An advocate of using food as a way to improve health, Hanway said food can have more perks than simply nourishing the body.
“I do believe that food is medicine,” Hanway said. “But I believe right now that food is bringing us together by being in our own homes, but also bringing us together as a society. It’s something that we have, it’s something we can control and it’s something that’s spreading a lot of joy.”
Joan Salge Blake, a clinical associate professor of nutrition at BU, said people are now more likely not to be as active as they used to be. She said she suggests to plan meals according to the United States Department of Agriculture’s My Plate initiative that consists of fruits, vegetables, grains, protein and dairy, and provides ample vitamins and nutrients for a strong immune system.
“If they’re looking at having their meals resemble My Plate, they might end up being more healthy then they would have pre-quarantine because you’re cooking more, you’re eating out less,” Blake said. “We know that when people eat out, the portion sizes are bigger [and] research tells us that when people cook at home, they tend to eat more fruits and vegetables than when they dine out.”
When it comes to stocking up the pantry, canned, boxed and frozen fruits and vegetables are as nutritious as fresh ones, as well as affordable, Blake said. It is helpful to have a plan when grocery shopping, she said, and to have a balance of both preserved and fresh food.

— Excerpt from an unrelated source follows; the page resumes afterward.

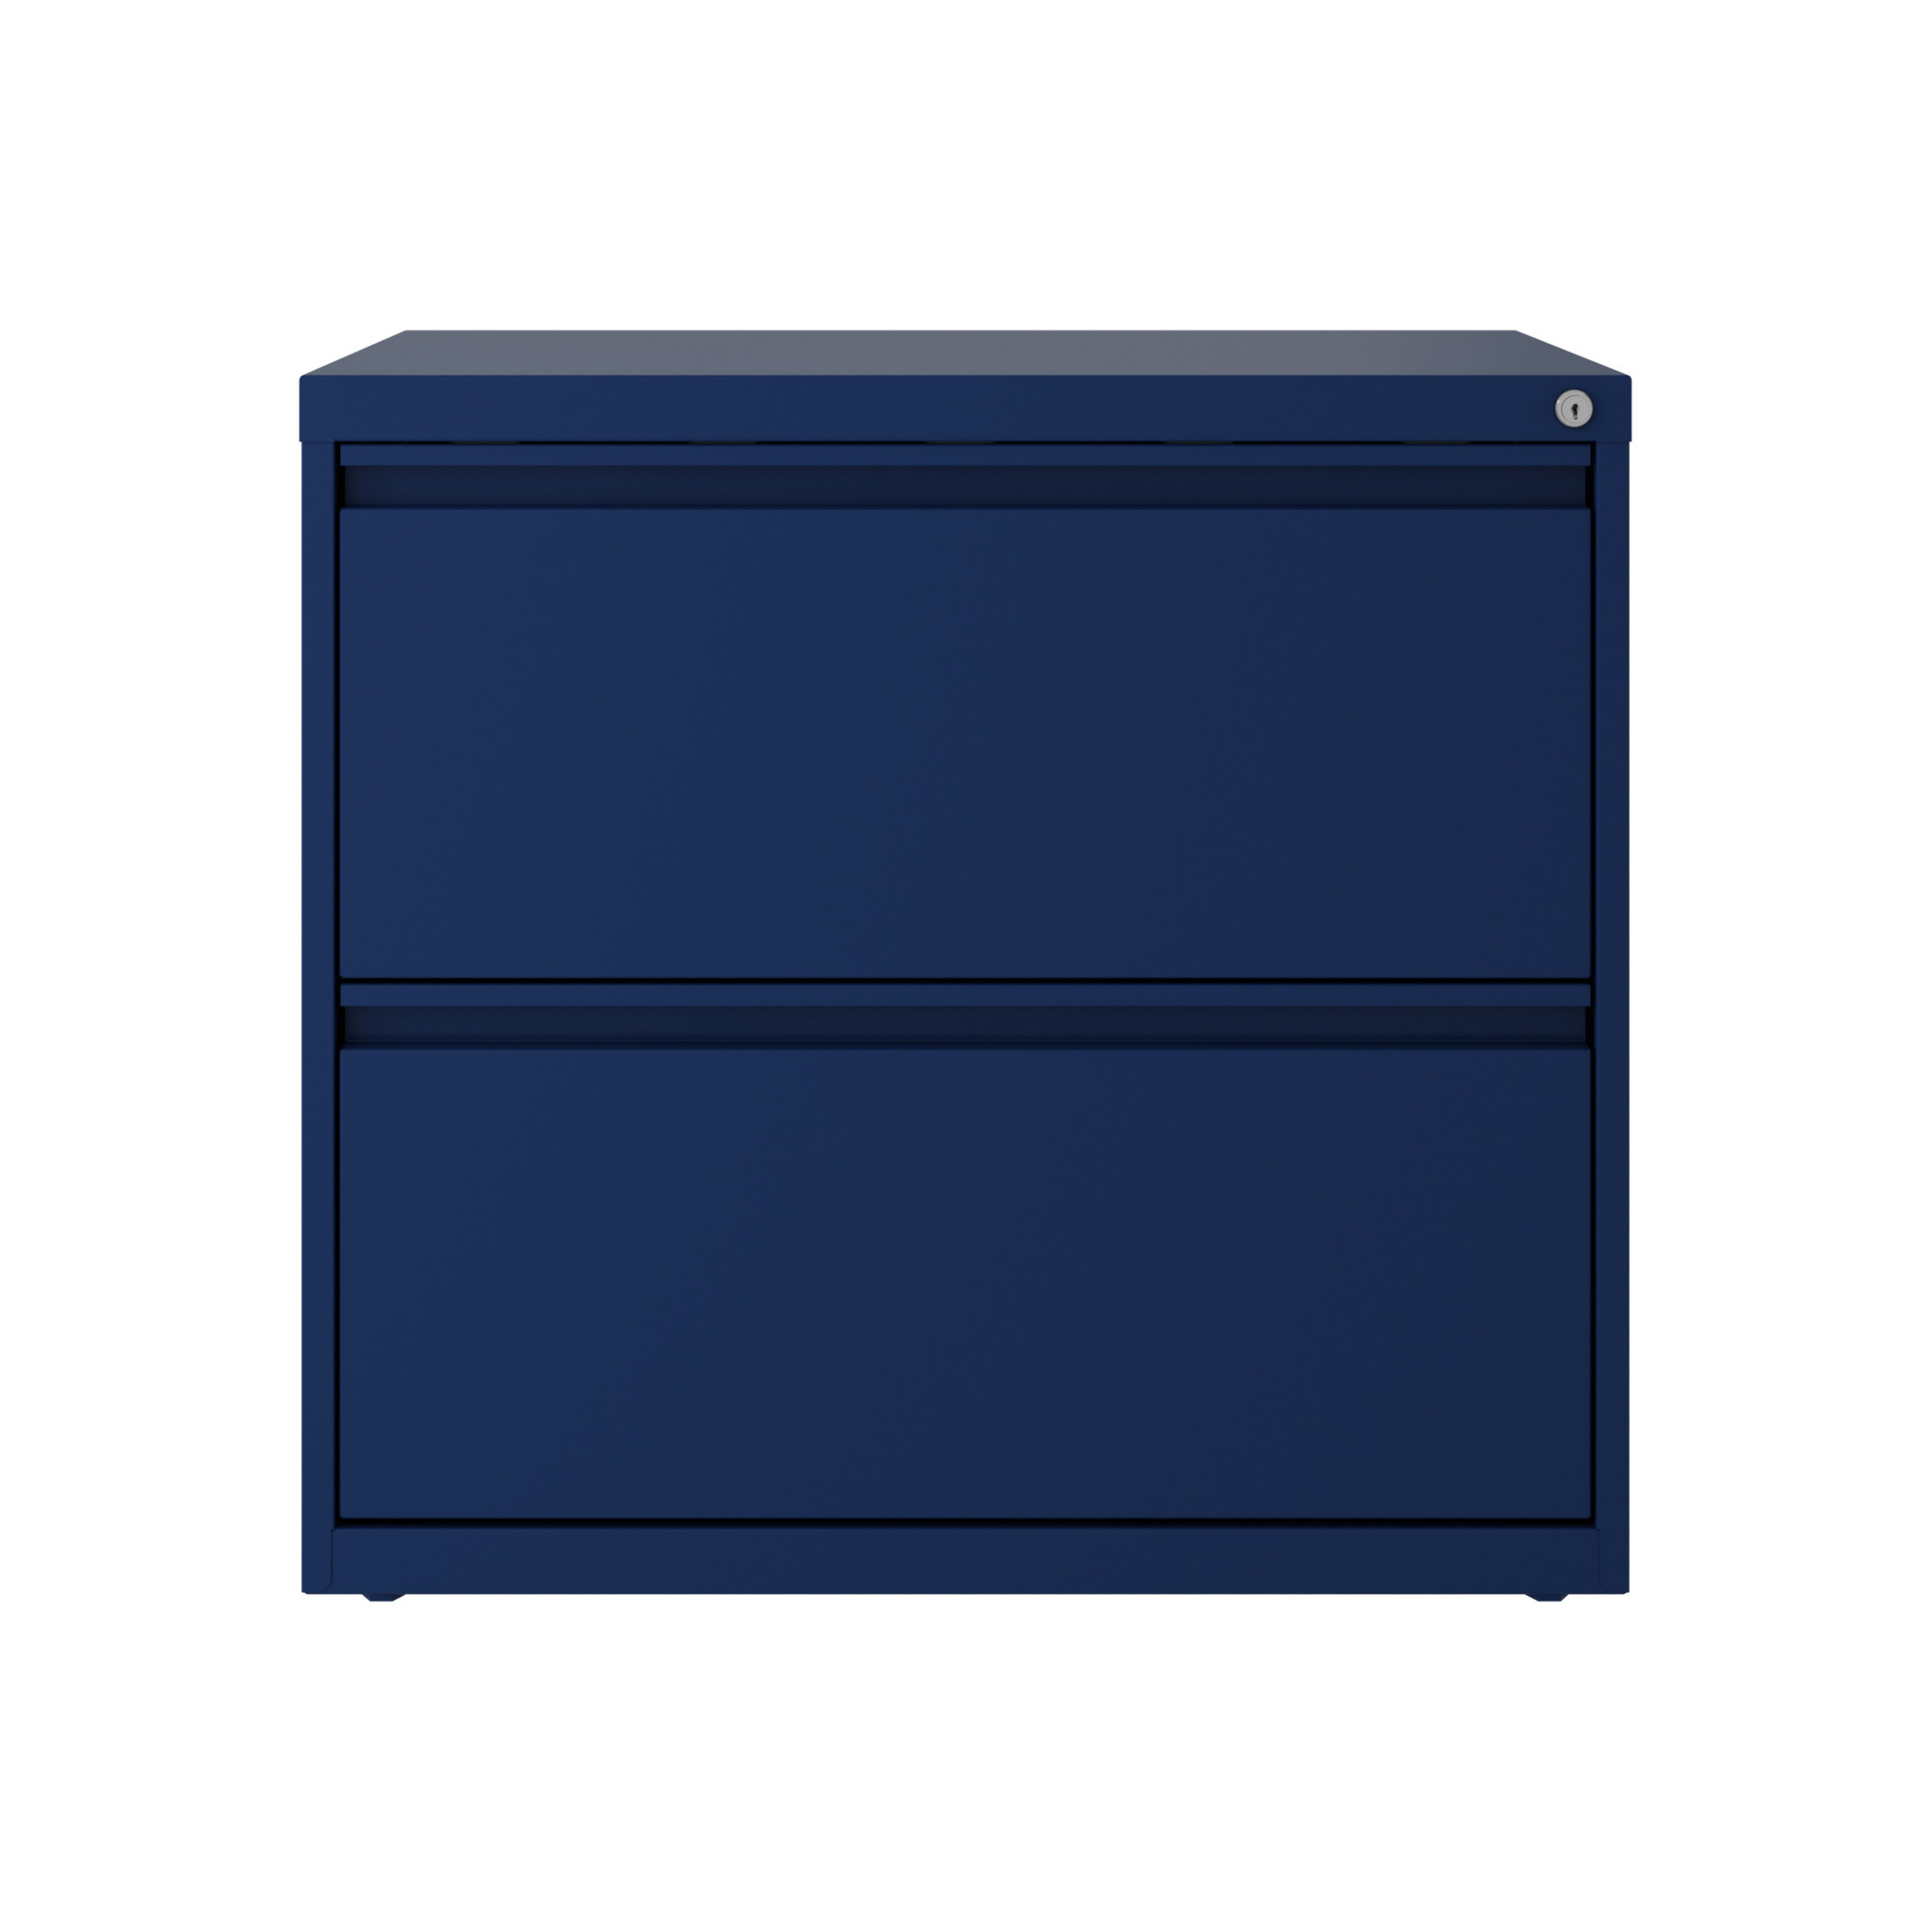 Hirsh Industries, 2 Drawer Lateral 101 File Cabinet, Width 30 in, Depth 17.63 in, Height 27.75 in, Model 24086

“Say if you go food shopping on a Monday, what may be fresh may be gone by Wednesday, but then Thursday, Friday, Saturday, you can go into the freezer, and you can pull up the frozen vegetables, pull out stir-fries, pull out of the box of pasta,” Blake said. “So in other words, to plan for the week, eat the fresh stuff first and once that’s all gone, you can eat [preserved food] later in the week.”

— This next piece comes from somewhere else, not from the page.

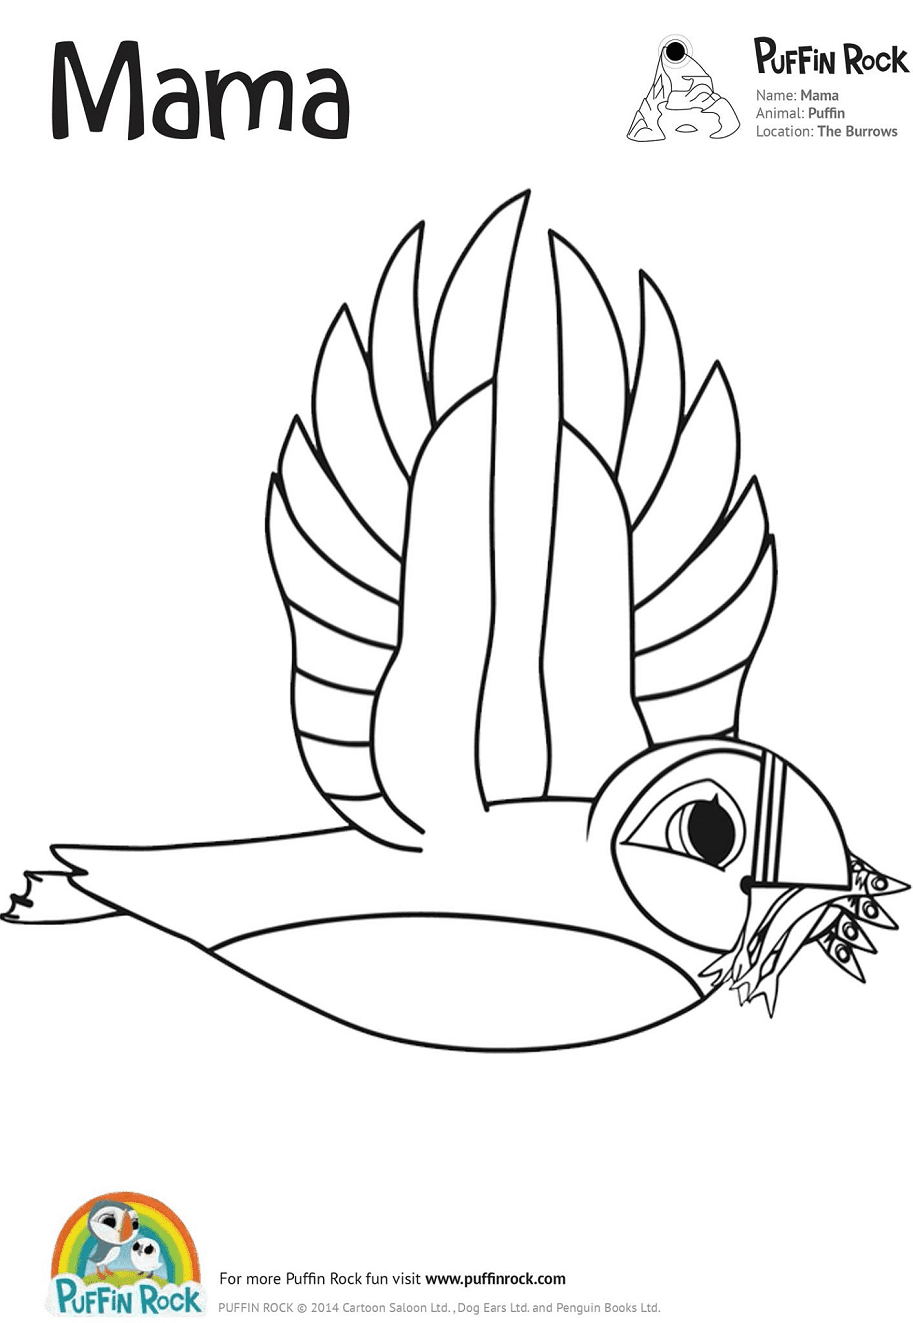 Mama from Puffin Rock Coloring Page

Blake hosts the podcast Spot On! giving food and nutrition-related advice for college students.
As for snacking, Blake said she recommends eating small portions of fruits and vegetables as healthy snacks.
“You want to have a cut of vegetables and hummus or pieces of fruit or a nice smoothie where you can take a carton of yogurt and put it frozen berries and a splash of milk and whip that baby right up,” Blake said.

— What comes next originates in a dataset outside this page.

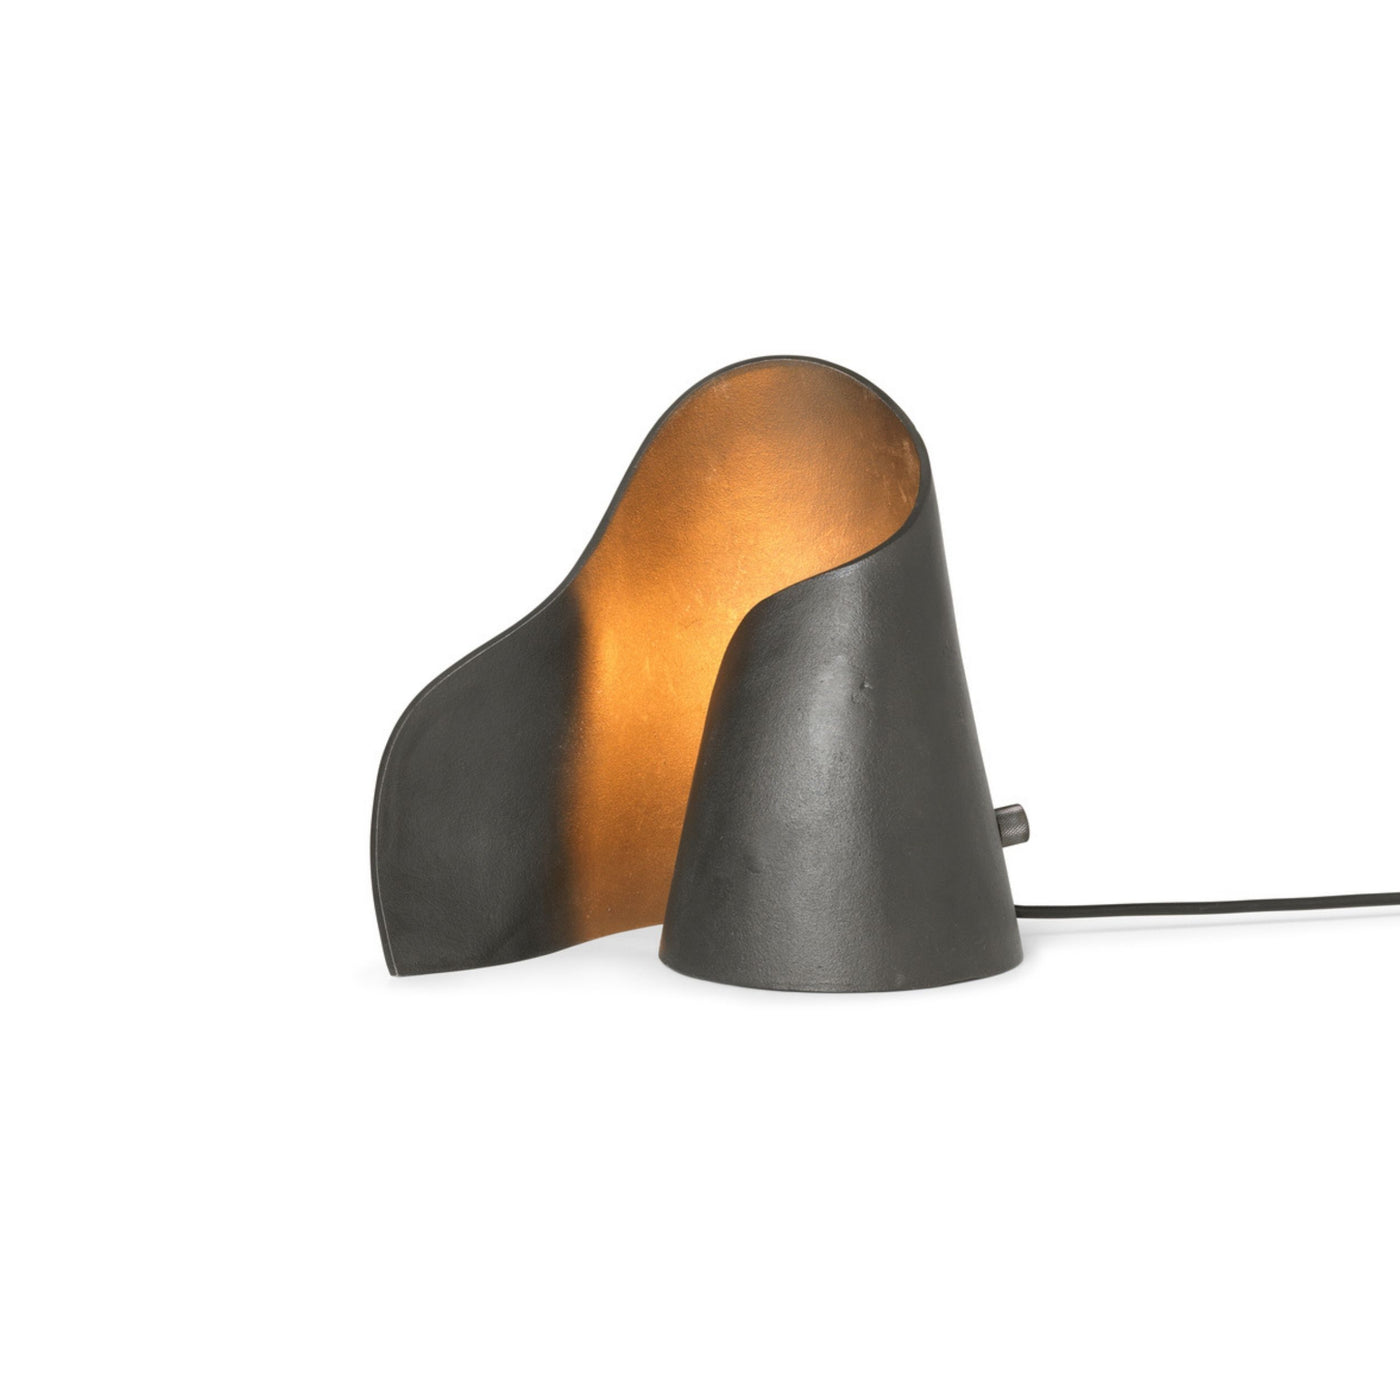 Ferm Living Oyster Table Lamp. Shop online at someday designs

Moriarty said she found that the biggest change in her diet since returning home is snacking more, with rice cakes being her favorite.
“I think the main thing is that I have so much more free time now, and I find myself getting bored, which just leads to needless snacking,” Moriarty said. “Whereas when I’m at school, I have so many things to keep me occupied. I have other activities besides just classes.”
However, Blake said that this is the time when people can start putting their words into action.
“This is an unbelievable time for people, since they’re hunkering down, to start cooking and thinking about this,” Blake said. “You’re not busy anymore, so use this time to start implementing what you want to do … This way, when we break out of this quarantine, we’re going to feel so good about stuff and be so healthy.”